Mining firms oppose Trump’s proposed weakening of disclosure regulations

Global Business

The Trump administration is working to unwind many financial regulations established after the 2008 financial crisis.

Some were aimed at cleaning up the global oil, gas and mining sectors.

But many major mining companies and investment firms with trillions of dollars under management now favor greater transparency.

CGTN’s Daniel Ryntjes explains.
Follow Daniel Ryntjes on Twitter @danielryntjes

It’s known as the resource curse: instability and inequality in developing countries with rich mineral resources and weak governmental institutions. Foreign companies have traditionally fueled this phenomenon by making secretive payments to secure the rights to extract oil, gas and other commodities.

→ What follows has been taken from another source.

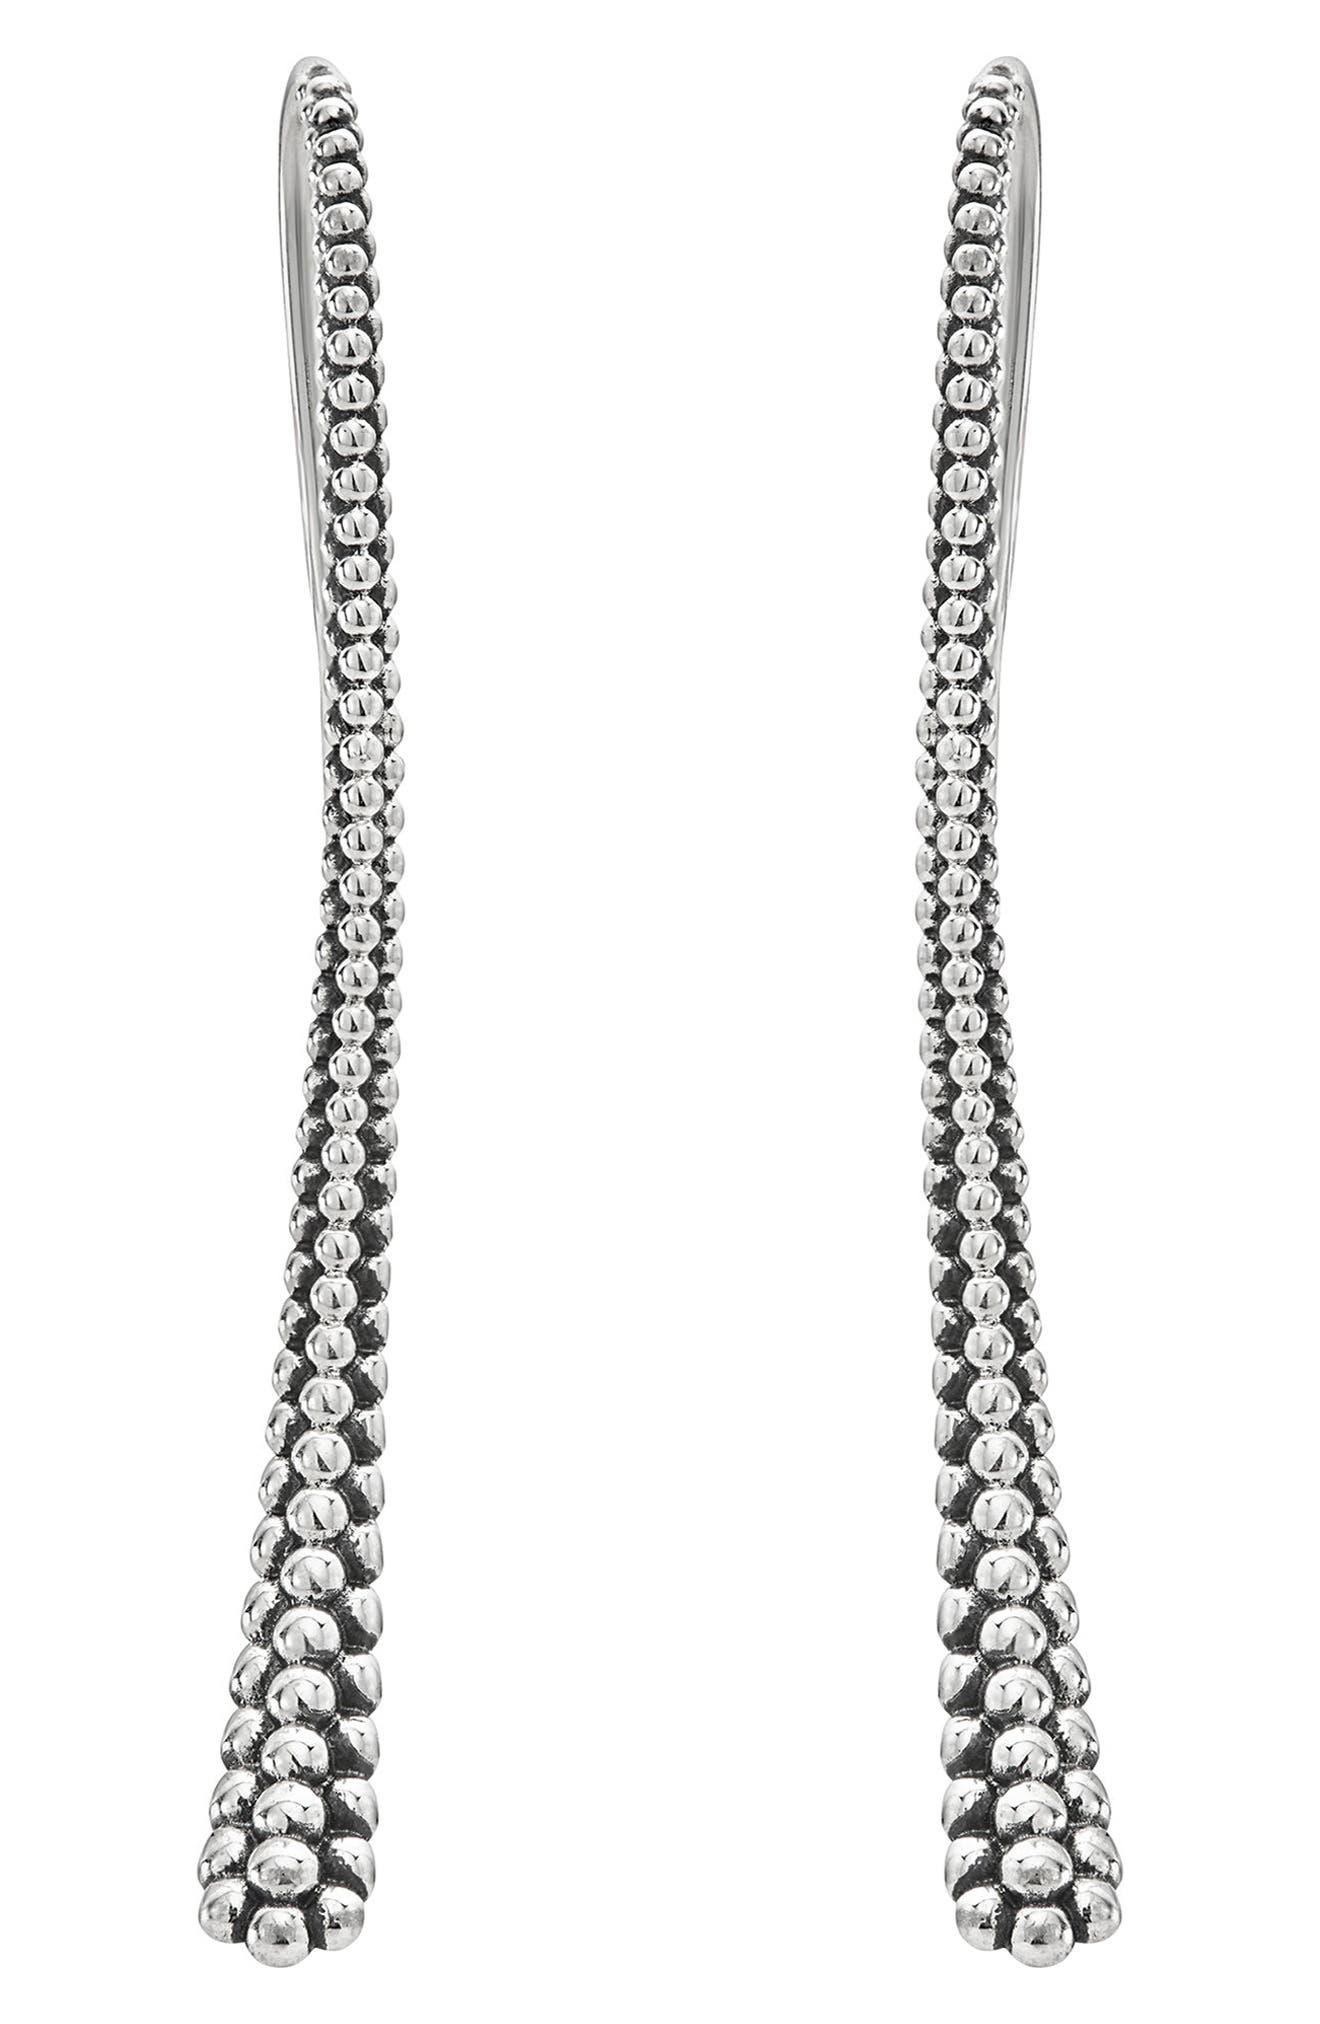 Caviar Linear Earrings,                             Alternate thumbnail 2, color,                             Silver

A U.S. law called the Cardin-Lugar Amendment requires firms to publish all foreign payments. The U.S. Securities and Exchange Commission spent several years crafting rules for compliance to begin in 2019. Republicans in Congress have now passed a resolution signed by President Donald Trump, telling the SEC to weaken the regulations.

According to John Streur, CEO of Calvert Research and Management, “Standards, disclosure, uniformity, clarity, stability. Those are things that are generally good for business and the best managers of large companies appreciate those kinds of conditions.”

Mining companies are already complying with parallel standards established in Europe and Canada, firms like BP, Shell, BHP Billiton, Rio Tinto, Gazprom and Rosneft. Investment firms managing ten trillion dollars in assets said it also makes good business sense.

The American Petroleum Institute has been consistently opposed to the Cardin-Lugar Amendment. This industry group prefers the Extractive Industries Transparency Initiative, a voluntary standard for countries to join.